>>>>>

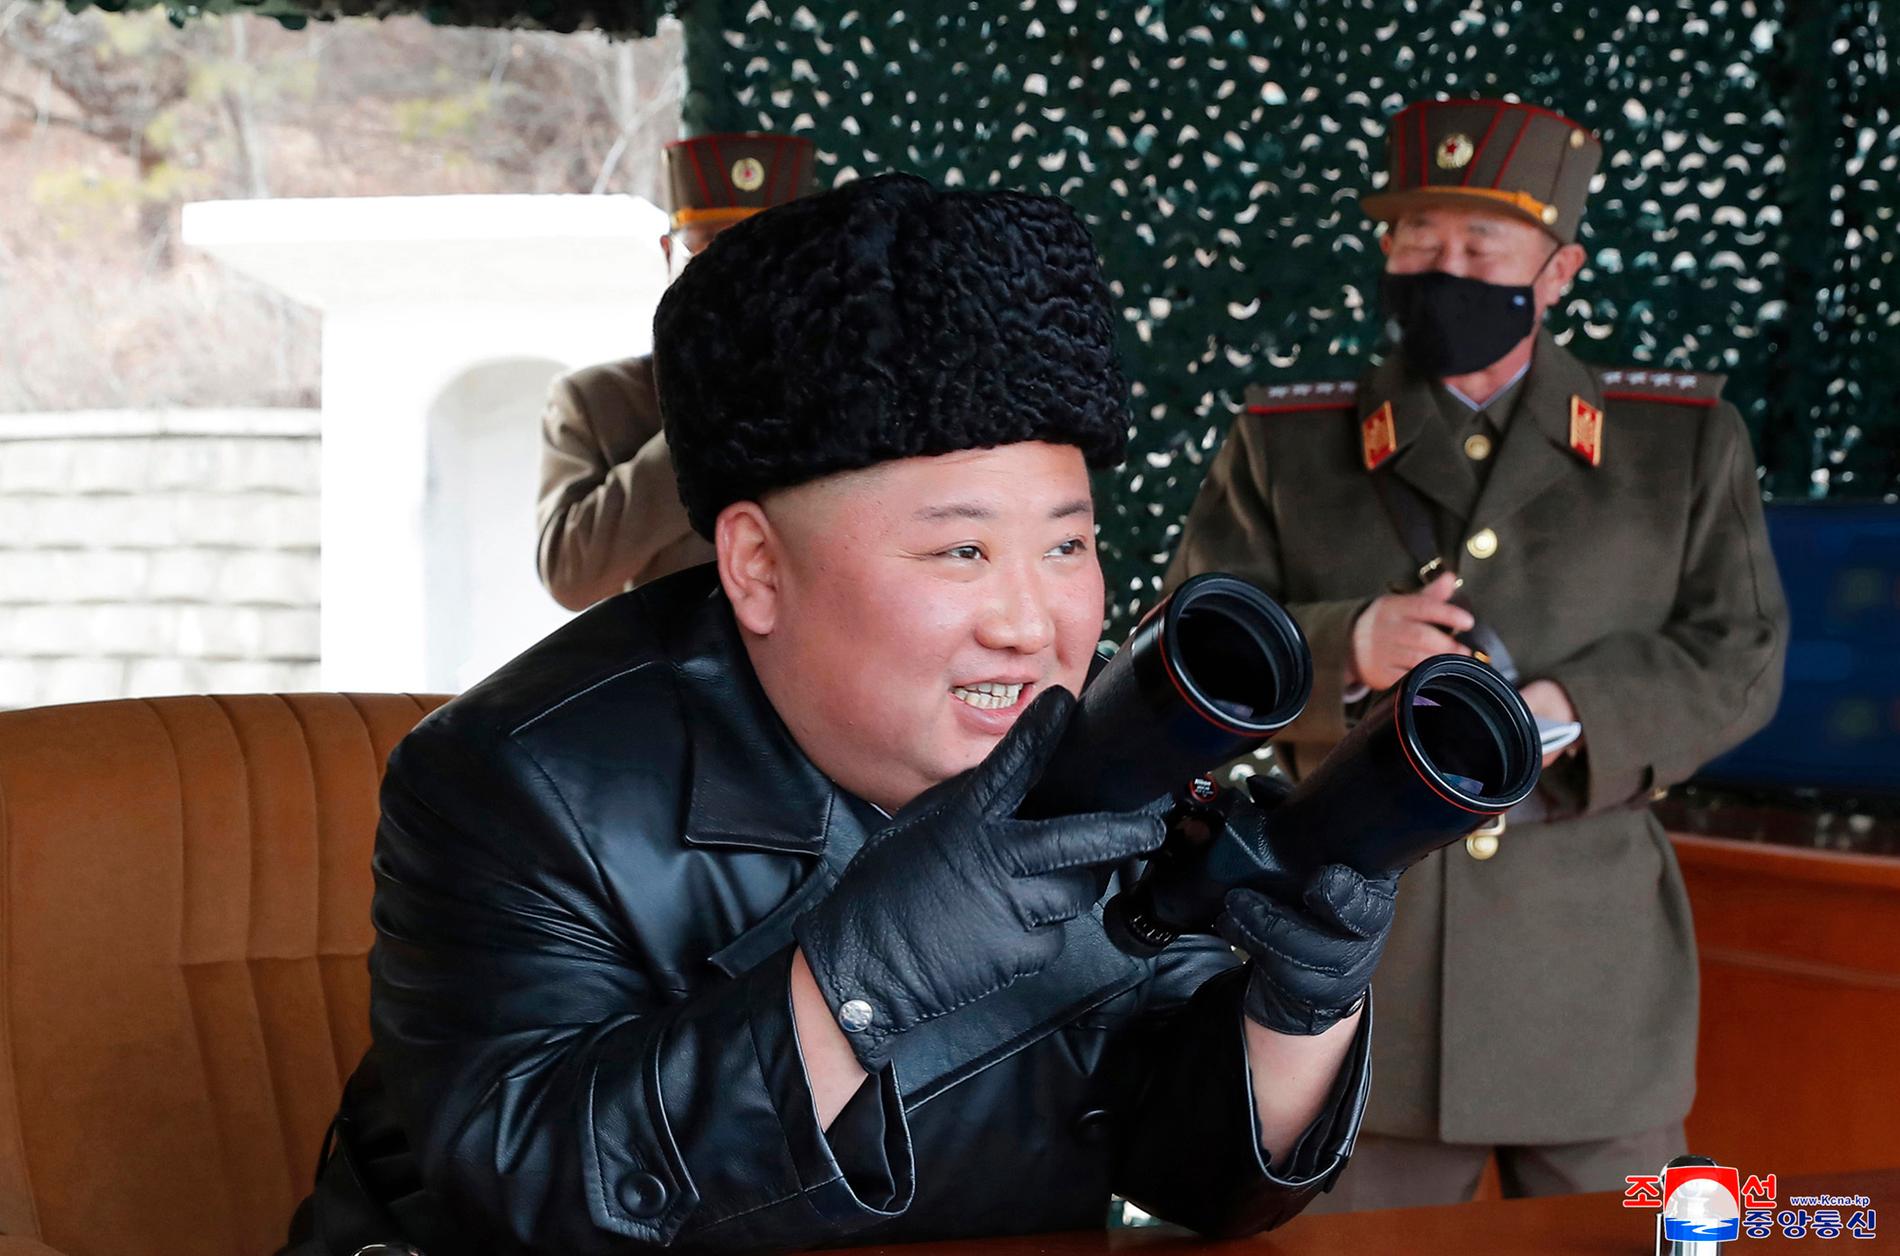 Nordkoreas diktator Kim Jong-Un närvarade vid en uppskjutning under måndagen, enligt landets statliga nyhetsbyrå KCNA.
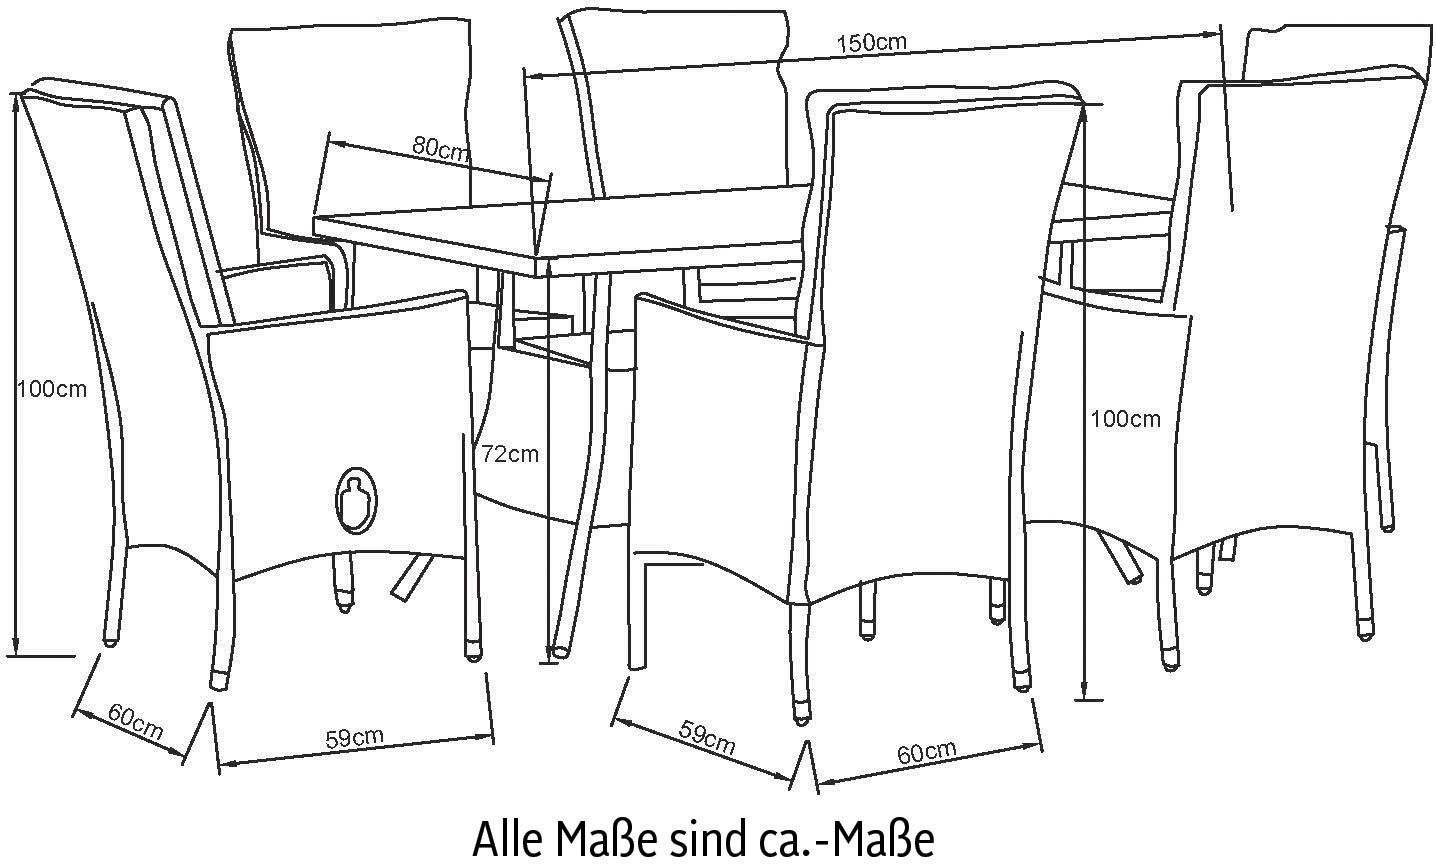 KONIFERA Garten-Essgruppe »Belluno«, (Set, 13 tlg., 6x Sessel, Tisch 150x80x 71,5 cm, Polyrattan, inkl. Auflagen), 2 der 6 Sessel stufenlos verstellbar, Stauraum unter dem Tisch, Grau
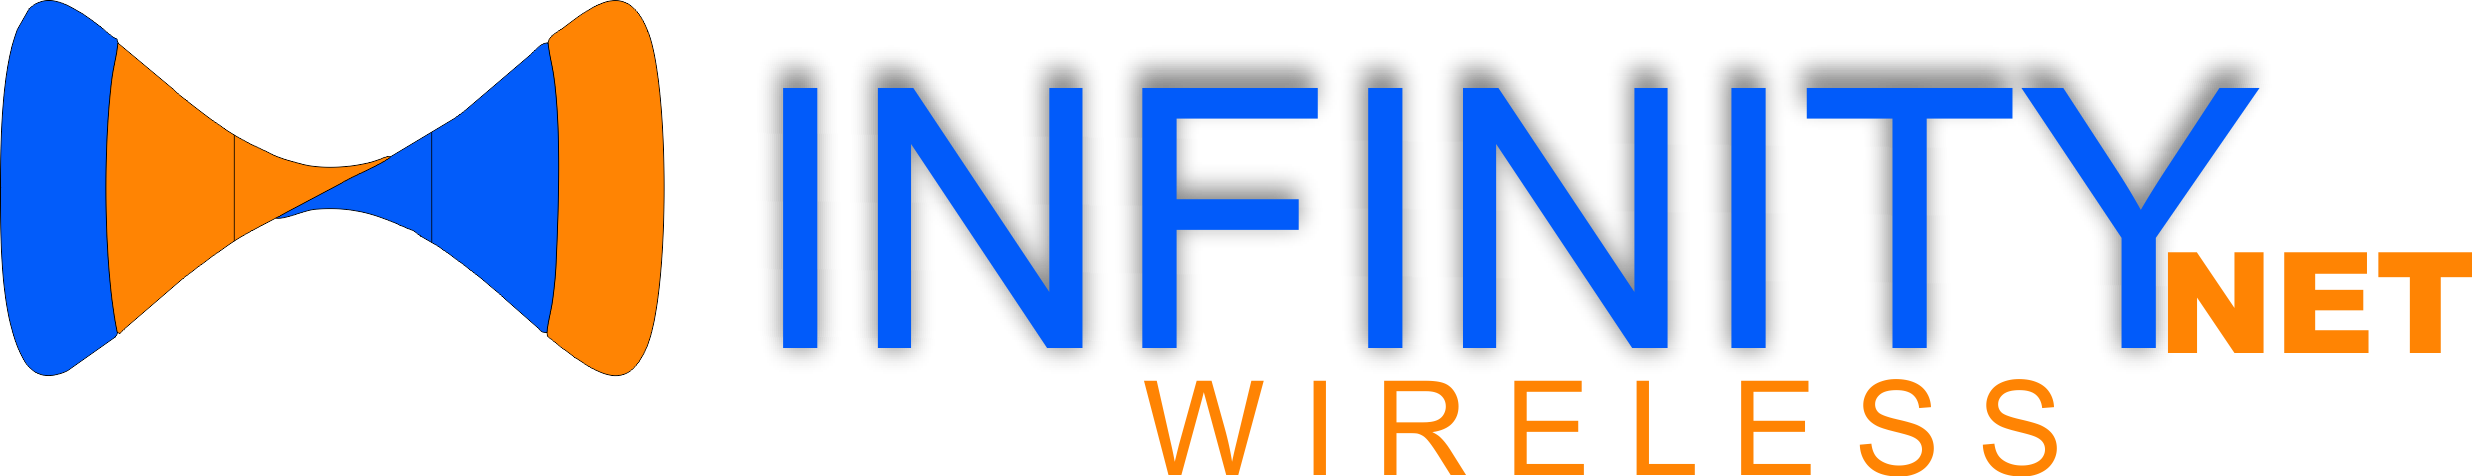 Logo InfinityNet
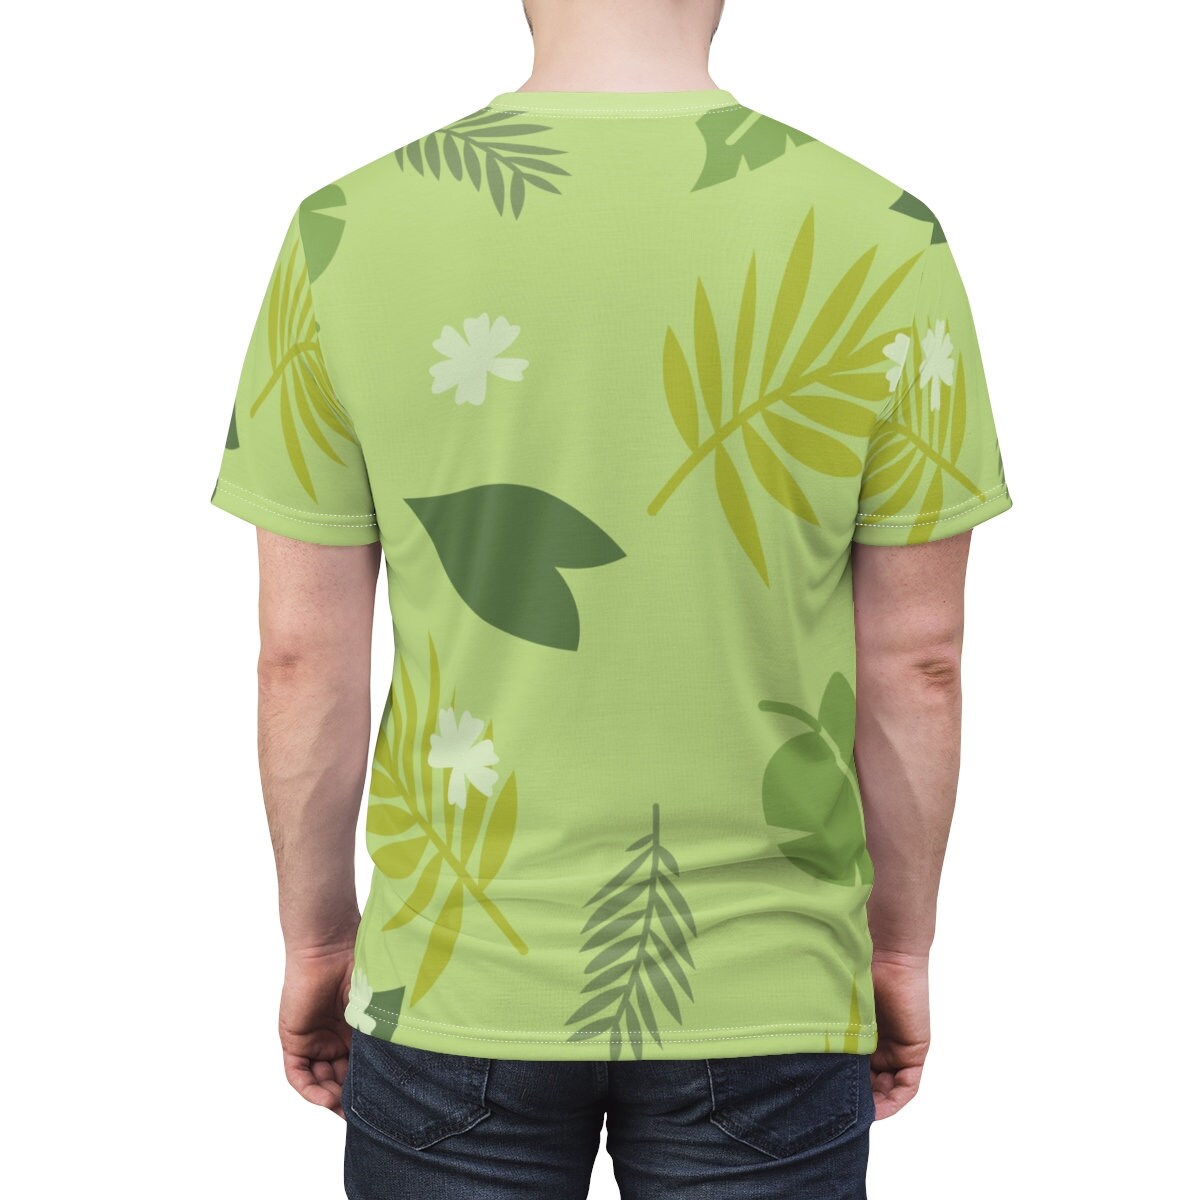 Nick Wilde Fox Zoo Unisex All Over Print Running Costume Shirt | Etsy

<<<<<

- _Exercise goal_
For this exercise, give the listing again exactly as written, with the pictures omitted.

- _Solution to this task_
 Nordkoreas diktator Kim Jong-Un närvarade vid en uppskjutning under måndagen, enligt landets statliga nyhetsbyrå KCNA.
 KONIFERA Garten-Essgruppe »Belluno«, (Set, 13 tlg., 6x Sessel, Tisch 150x80x 71,5 cm, Polyrattan, inkl. Auflagen), 2 der 6 Sessel stufenlos verstellbar, Stauraum unter dem Tisch, Grau
 Logo InfinityNet
 Nick Wilde Fox Zoo Unisex All Over Print Running Costume Shirt | Etsy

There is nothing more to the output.